About a month ago, the beginning of January, a reader contacted me to comment on my Trend Tracking Indexes (TTIs).
He liked the idea of following trends, but believed that the potential buy signal back into bullish territory was not happening fast enough. So he designed his own accelerated system, which indicated a move back into equities at that time. His reasoning was that, since he had lost a lot of money in the past he had a lot of making up to do, so he couldn’t waste anymore time waiting for my “slow” TTI to generate a new buy signal.
This is simply a bad idea for several reasons:
1. Looking back at January, we now know that the S&P; 500 lost some 8.5% and, most likely, this reader lost a similar amount with his new strategy.
2. Being aggressive by moving into the market based on “having to make up losses” is simply being ignorant and/or desperate. That idea alone will produce more losses more often than not.
3. The reader is trying to do what is commonly referred to as “curve fitting,” which means tightly adjusting an investment method to current circumstances. When the circumstances change, he needs to make adjustments again and again.

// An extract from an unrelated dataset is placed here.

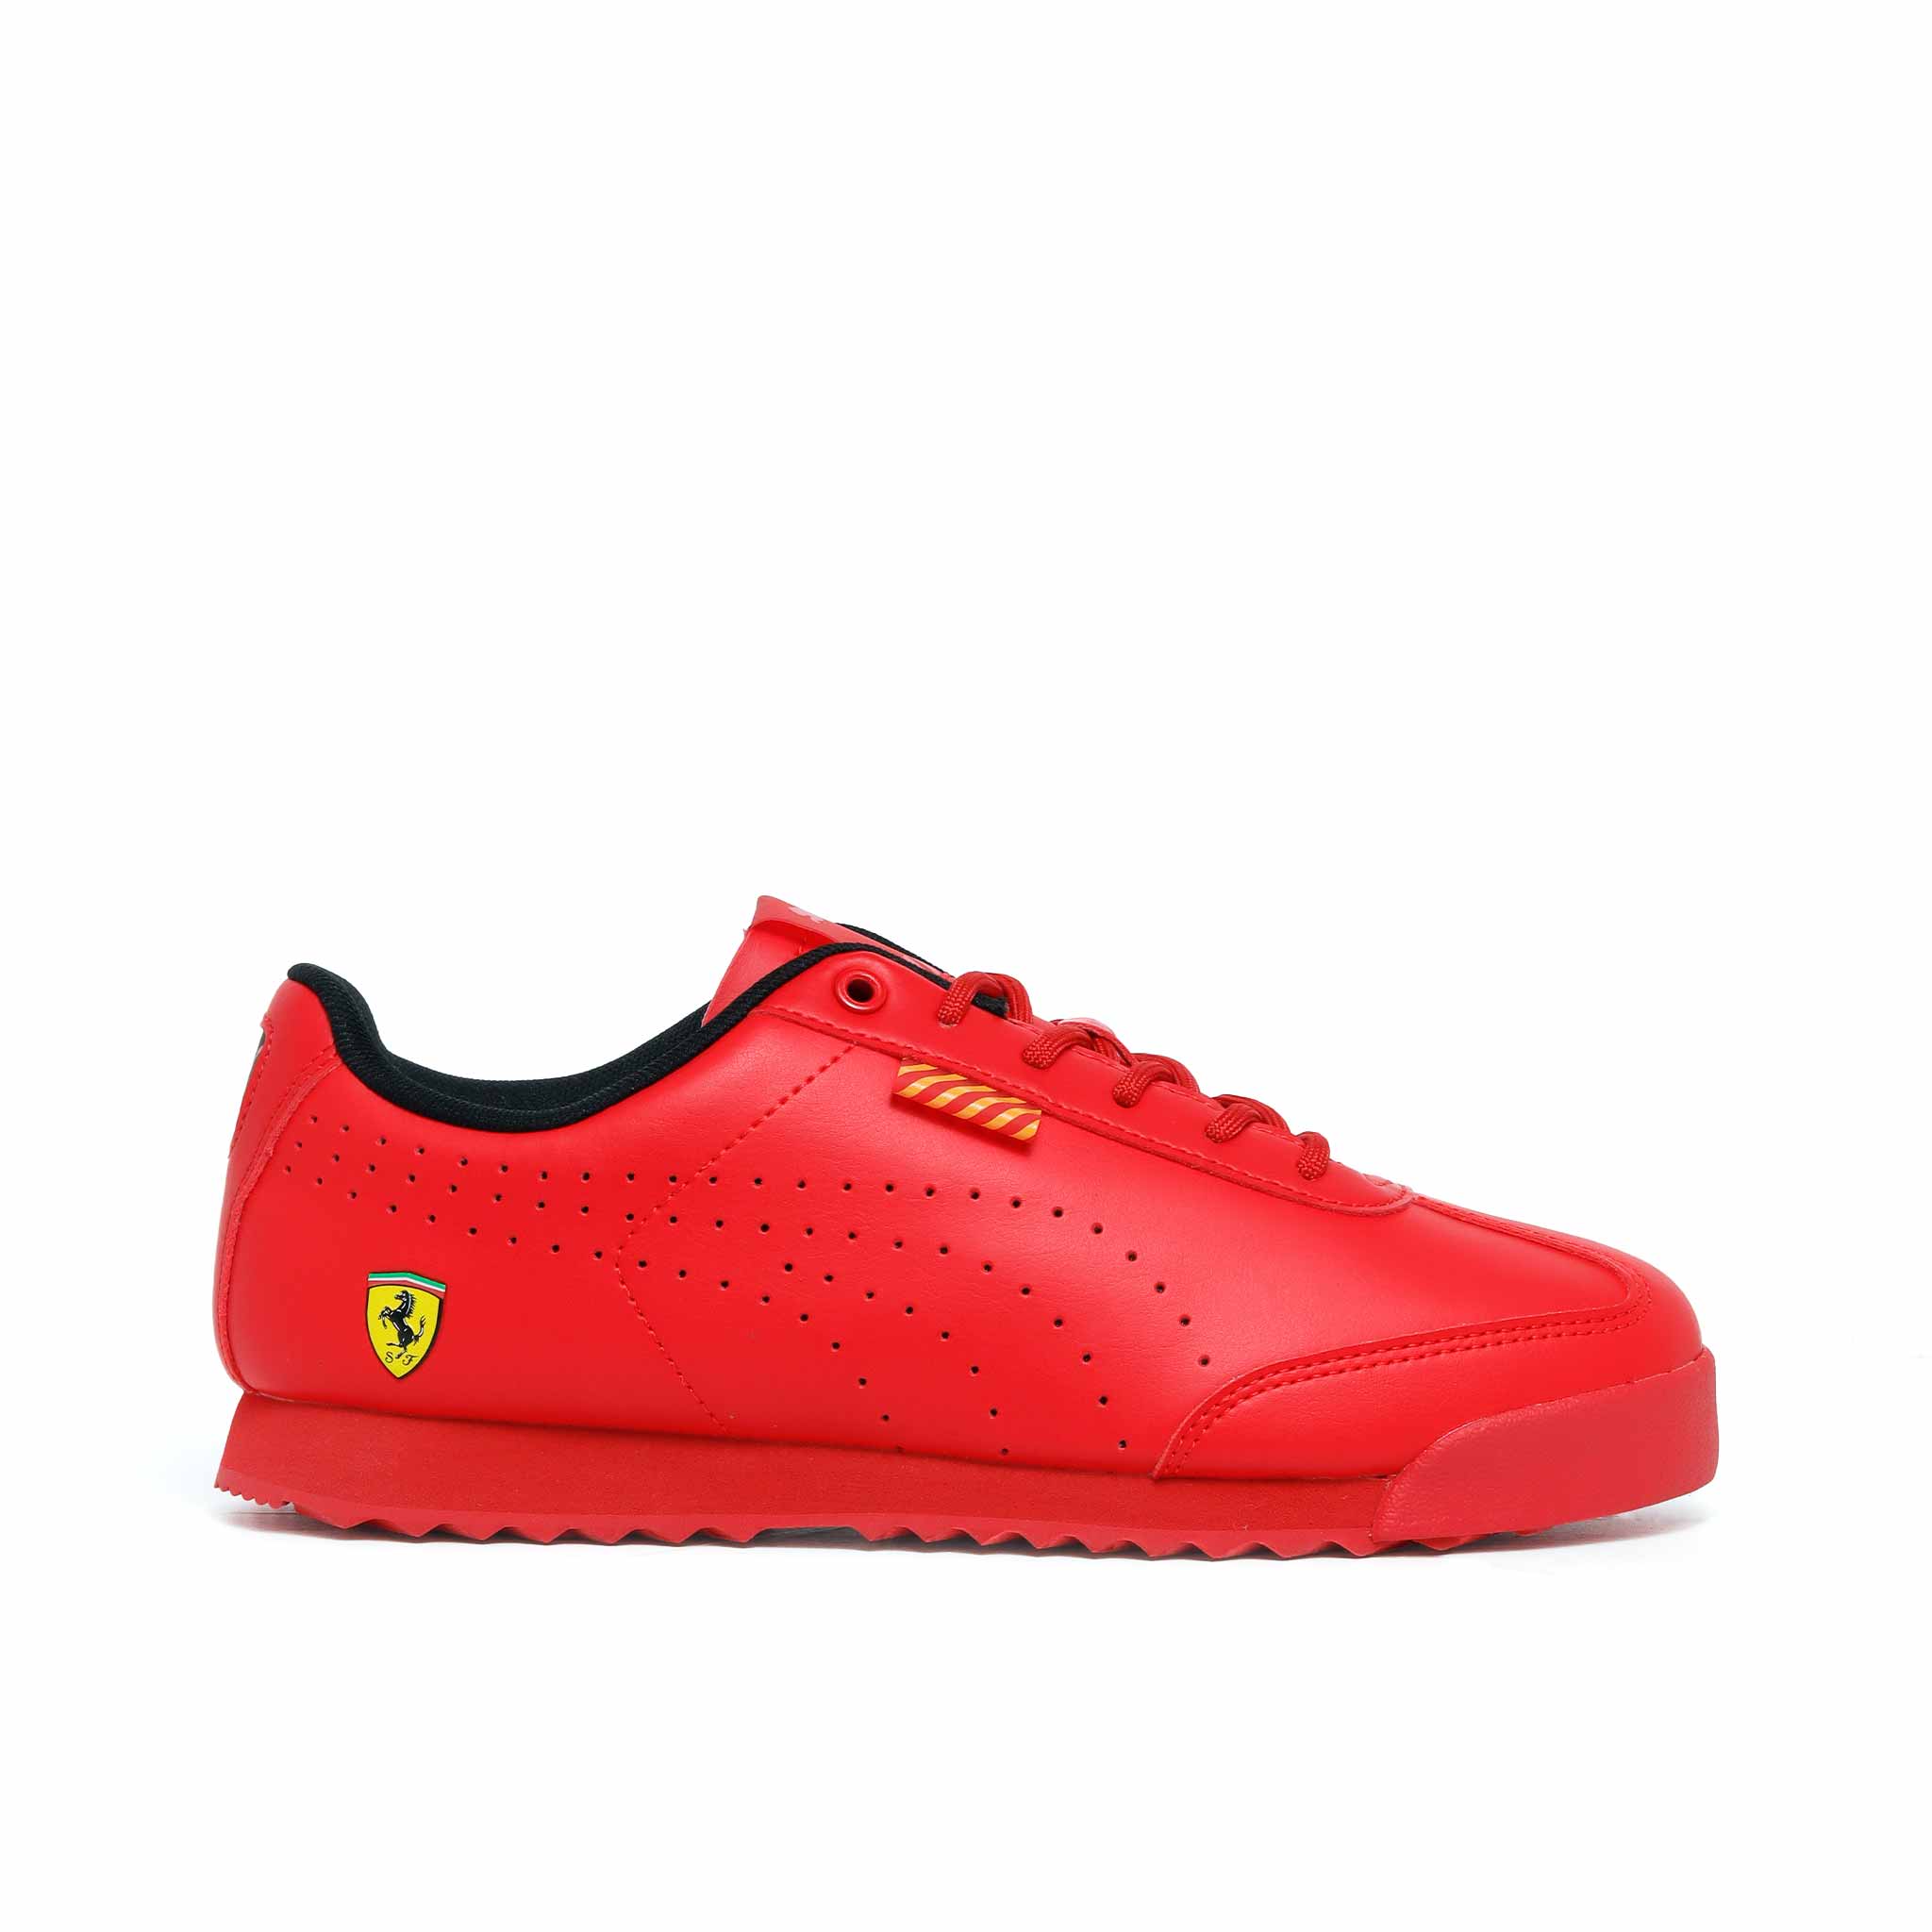 Tenis Ferrari Roma Hombre 306855 03 Rojo

An investment method should be tailored like a comfortable suit. Not too tight and not too loose so that a couple of pounds either way won’t require you to constantly have to make alterations.
Comments 3
Dangerous move by your reader, IMHO. This is simply “market timing” and has little basis in reality. What if the market keeps heading down (as predicted by many)? This is no time to be “guessing” with a new system.
Your TTI works very well, Ulli. Thanks for keeping us solvent.
I agree…. I tried that last year and lost an additional 5%. Best to stick with Ulli’s TTI and exercise some discipline
I can see someone maybe investing a very small amount in a bottom-fishing attempt, but in doing so the odds are that you become the fish and the bottom is still a long way off.
Following a trend works better, but unless the S&P; crosses the 100 day moving average on the upside, there is very little likelihood of a trend change. The 50-day moving average is often the bouncing back point and might indicate a good entry point for shorting the market.
I'm sticking to cash and very short-term bonds at present.